The transcript does not break out financial performance by separate pre-defined product segments. It notes overall performance and product-specific trends: total company net sales for Q1 2026 were $1.57 billion, up 37.9% year-over-year, with total tons shipped up 31.2% YoY and average selling prices up 5.2% YoY. Same-store net sales were $1.29 billion, with tons shipped up 4.6% YoY and average selling prices up 8.9% YoY. Carbon products saw particular strength in volume and market share gains, while aluminum pricing exceeded guidance expectations due to geopolitical events. Pro forma for the combined company post-Olympic Steel merger, the revenue split between transactional and contract business is approximately 48% transactional / 52% contract, with a long-term target of 60% transactional / 40% contract. Legacy Ryerson alone is 52% transactional / 48% contract, and legacy Olympic Steel alone is 30% transactional / 70% contract.

Risks & headwinds

• Ongoing high interest rates, prevailing tariff uncertainty, and heightened geopolitical global unrest create demand uncertainty for large OEM contract customers, and could act as negative shocks to the current expanding economic cycle. • Rising input costs (most notably aluminum prices, and more recently higher diesel fuel prices coupled with ongoing tightness in the trucking market) are increasing delivery and production costs industry-wide, with a risk that these cost increases could pass through the value chain faster than demand can absorb, triggering an earlier-than-expected shift from procyclical expansion to contraction (the 'boomerang effect'). • Uneven demand recovery across segments, with large OEM and contract customer demand remaining stagnant after a prolonged contraction; a faster-than-expected recovery in this segment is not guaranteed. • Integration of the Olympic Steel merger carries inherent execution risk, though early progress has been positive and the company maintains structured processes to hit synergy targets.

Analyst Q&A

  • Q: What is driving the ongoing divergence between strong transactional business growth and stagnant contract business, and what would it take for contract demand to improve? /

    A: Transactional business grew strongly across the entire combined footprint, driving market share gains that outpaced industry growth, supported by prior capital investments and strong service center fundamentals. Contract business is currently 4-5% below trend, with uneven performance across industries: residential construction, agriculture, heavy truck, and consumer durables continue to lag, while data center-related contract demand remains very strong. Management expects contract demand to improve sequentially in Q2, with a meaningful pickup in the second half of 2026 consistent with broader economic recovery expectations.

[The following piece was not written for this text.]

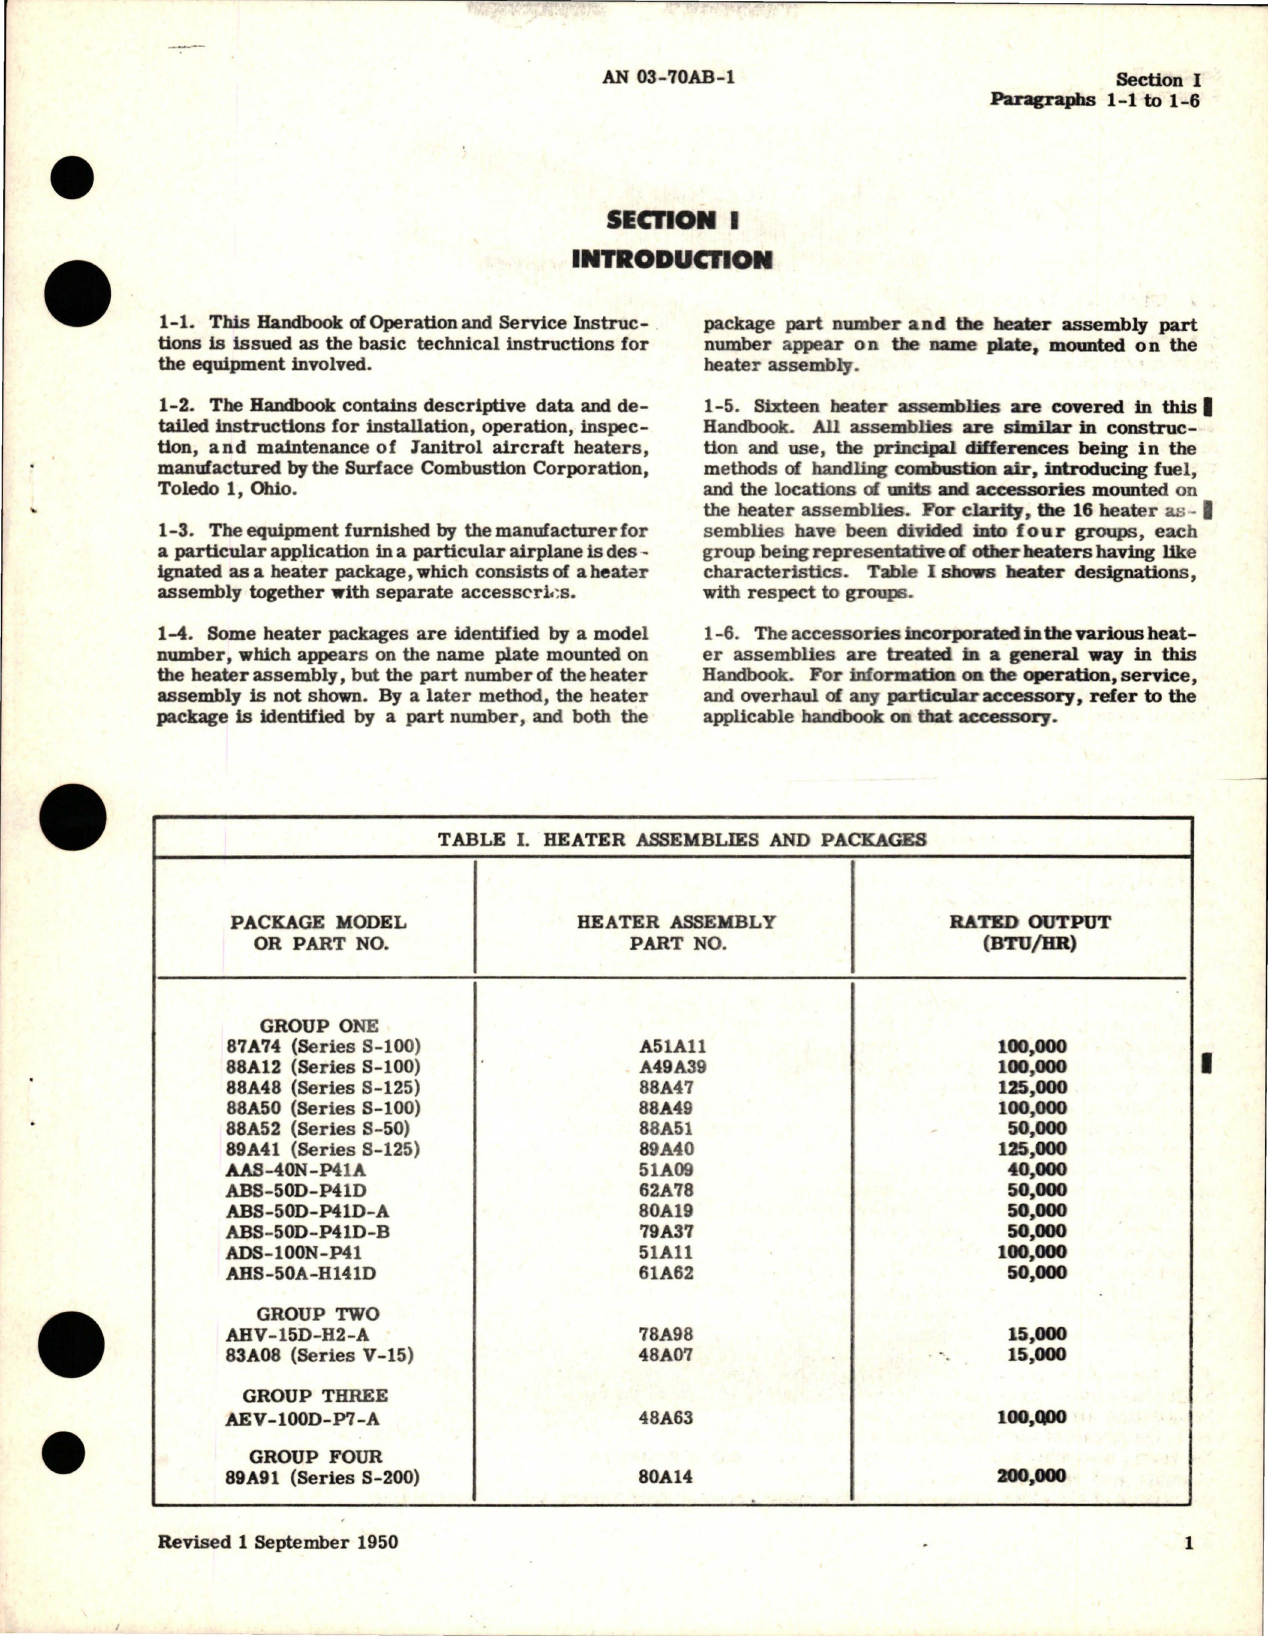 Sample page 5 from AirCorps Library document: Operation and Service Instructions for Aircraft Heaters

  • Q: With a new $100 million share repurchase program in place and net debt around $900 million post-merger, what are your capital allocation priorities and plans to reduce debt? /

    A: The company's primary priority remains reducing the leverage ratio, which is expected to decline meaningfully through 2026 as earnings grow from full Olympic Steel contributions and synergy realizations. The large prior CapEx cycle is complete, so CapEx has normalized, and one-time merger-related cash costs are now in the past. The company maintained a very strong liquidity position post-merger, and will opportunistically repurchase shares when they trade below intrinsic value, while remaining prudent to support deleveraging.

  • Q: What is the current split of transactional vs contract business, and what is the optimal long-term target for this mix? /

    A: The pro forma combined split is roughly 48% transactional / 52% contract: legacy Ryerson is 52%/48% and legacy Olympic Steel is 30%/70%. The long-term strategic target is 60% transactional / 40% contract, enabled by the larger combined footprint from the merger. Transactional business offers stronger growth opportunities in the current market, requires dedicated inventory and equipment for fast turnaround, and the larger footprint allows the company to optimize locations for transactional vs contract business, improving profitability for both segments. The company will continue to grow and optimize its profitable contract business as well, as many contract customers also have transactional demand.

  • Q: What is management's outlook for EBITDA in the second half of 2026? /

    A: While the company avoids specific estimates due to ongoing macro uncertainty, early Q2 activity (April and early May) shows positive trending order and quote activity. Synergy realization will ramp up through the second half, adding incremental earnings after $1 million in Q1 and a $5 million midpoint in Q2. If the expected recovery in large OEM contract demand materializes, results will see meaningful improvement over the second half of 2025. Current pricing trends across carbon, aluminum, and nickel are favorable, and a major price reversal would be required to stall existing momentum.